DNS is a hierarchical system. If your local DNS server does not have information that is requested, e.g., what does www.crazydeals.com resolve to?, the request propagates upwards ultimately reaching the top of the hierarchy reaching the root DNS servers of the Internet. The top of the hierarchy is then responsible for disseminating changes is has become privy to, changes that have often occurred at the bottom of the hierarchy. As news of a local change reaches the top, queries from DNS servers at the bottom of the hierarchy percolate to the top reaching the authoritative servers who then pass that information back down about the change that was made in another part of the tree. This information exchange among DNS servers is constantly happening. It usually takes several hours for DNS changes one makes locally to spread across the Internet, sometimes longer.

As the day wore on, I was in the office and wanted to check what my home system saw, i.e., was the DNS change that was made to correct the typo making its way across the Internet.

Thus the age old problem of wanting to conveniently reach my home computer while at the office to check what it was seeing on the public Internet had reared its head again. Once while doing contract work I overheard an individual in a cubicle next to me call his wife to ask her to browse pages to see if they were publicly available. Suffice to say, this problem surfaces on a semi-regular basis over the course of one's career.

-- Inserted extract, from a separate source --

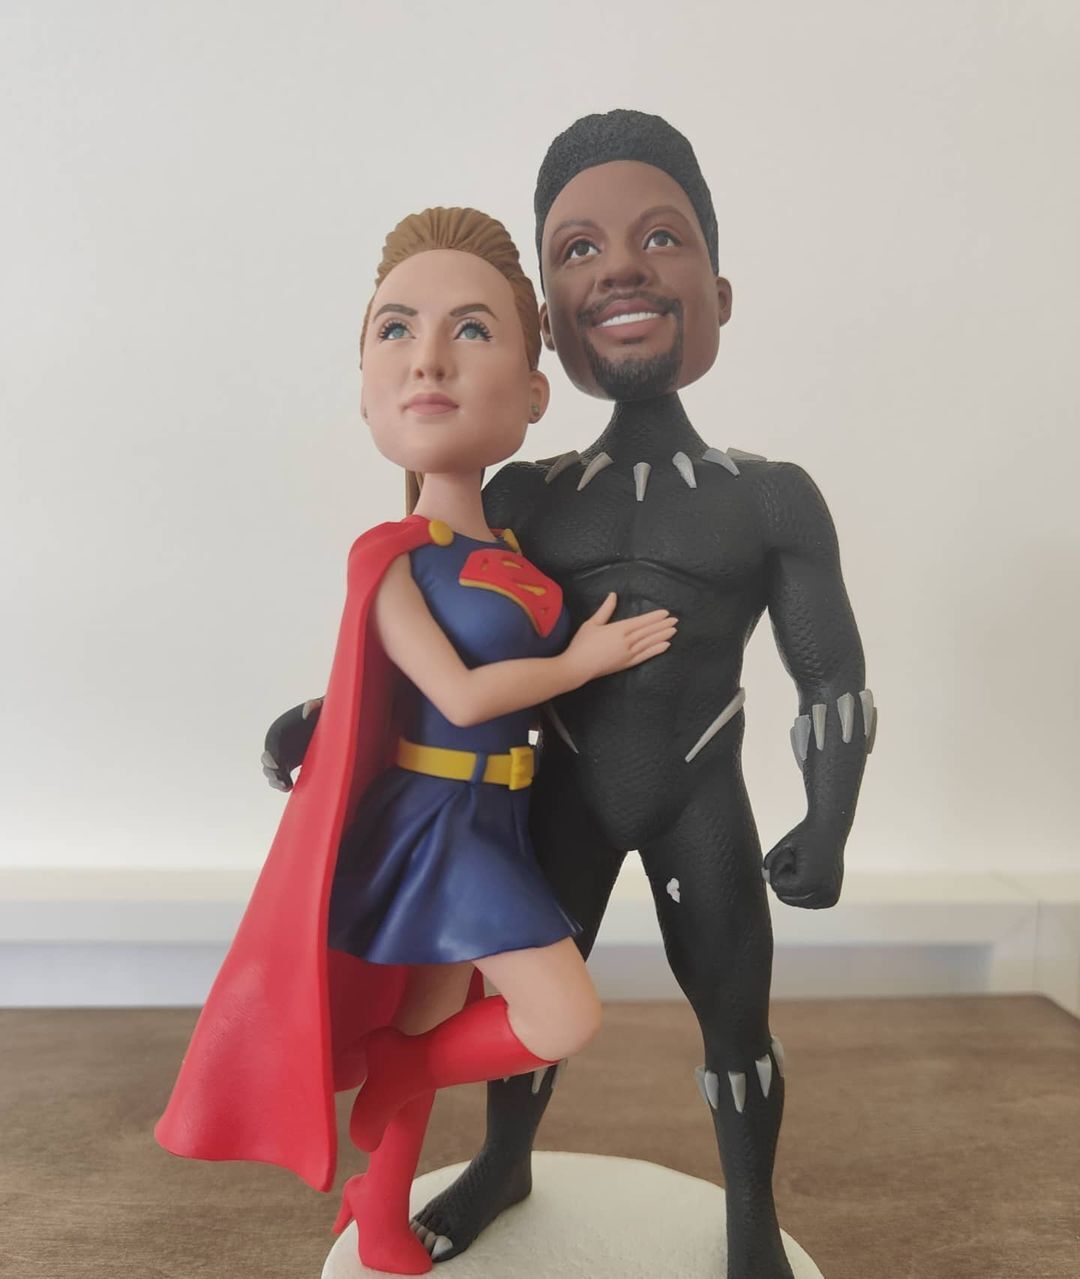 Гаэль Монфис и Элина Свитолина в образе супергероев

Several years ago I had setup a LINUX box that I would reach via SSH. SSH (Secure Shell) is a cryptographic protocol that provides a mechanism to allow issuing commands to a remote computer system. While most people are used to GUI desktops, most back end computer systems are controlled through command line interfaces. If you think the monolithic bank that houses your money along with that of hundreds of thousands other people manages it all by clicking on icons with a mouse, think again. SSH is commonly the substrate by which remote control/management of many large IT systems happens.

One particular command line program that can be used to query DNS servers is nslookup and it comes with any contemporary operating system that connects to the Internet. Every single eye-candy laden Windows and Macintosh system ships with this command line tool. Thus if I could reach my Windows XP desktop, I could use this tool to gauge how far along our change had propagated. At least one vantage point anyway, that of my ISP's DNS servers. Not all DNS servers are public facing, which is why I wanted to see what my home system saw. I wanted to see if the change had trickled down to the private portions of the DNS hierarchy.

There are commercial services that allow one to readily reach one's home computer. One of the better known services is GotoMyPC. My primary issue with GotoMyPC is cost. It runs about $180 for one PC and it is a service, which means count on paying $180 every year.

Another option would be to have the desktop you find yourself at become part of your home network. This is a more general scenario than what GotoMyPC does and is the reverse of what most people do when working remotely. So instead of you connecting to your office via a VPN client, where by though the powers of indirection, you suddenly join your office's network allowing you to work remotely, you would do the same except in the reverse. Your office desktop becomes an extension of your home network. To this end there is an excellent piece of open source software called OpenVPN.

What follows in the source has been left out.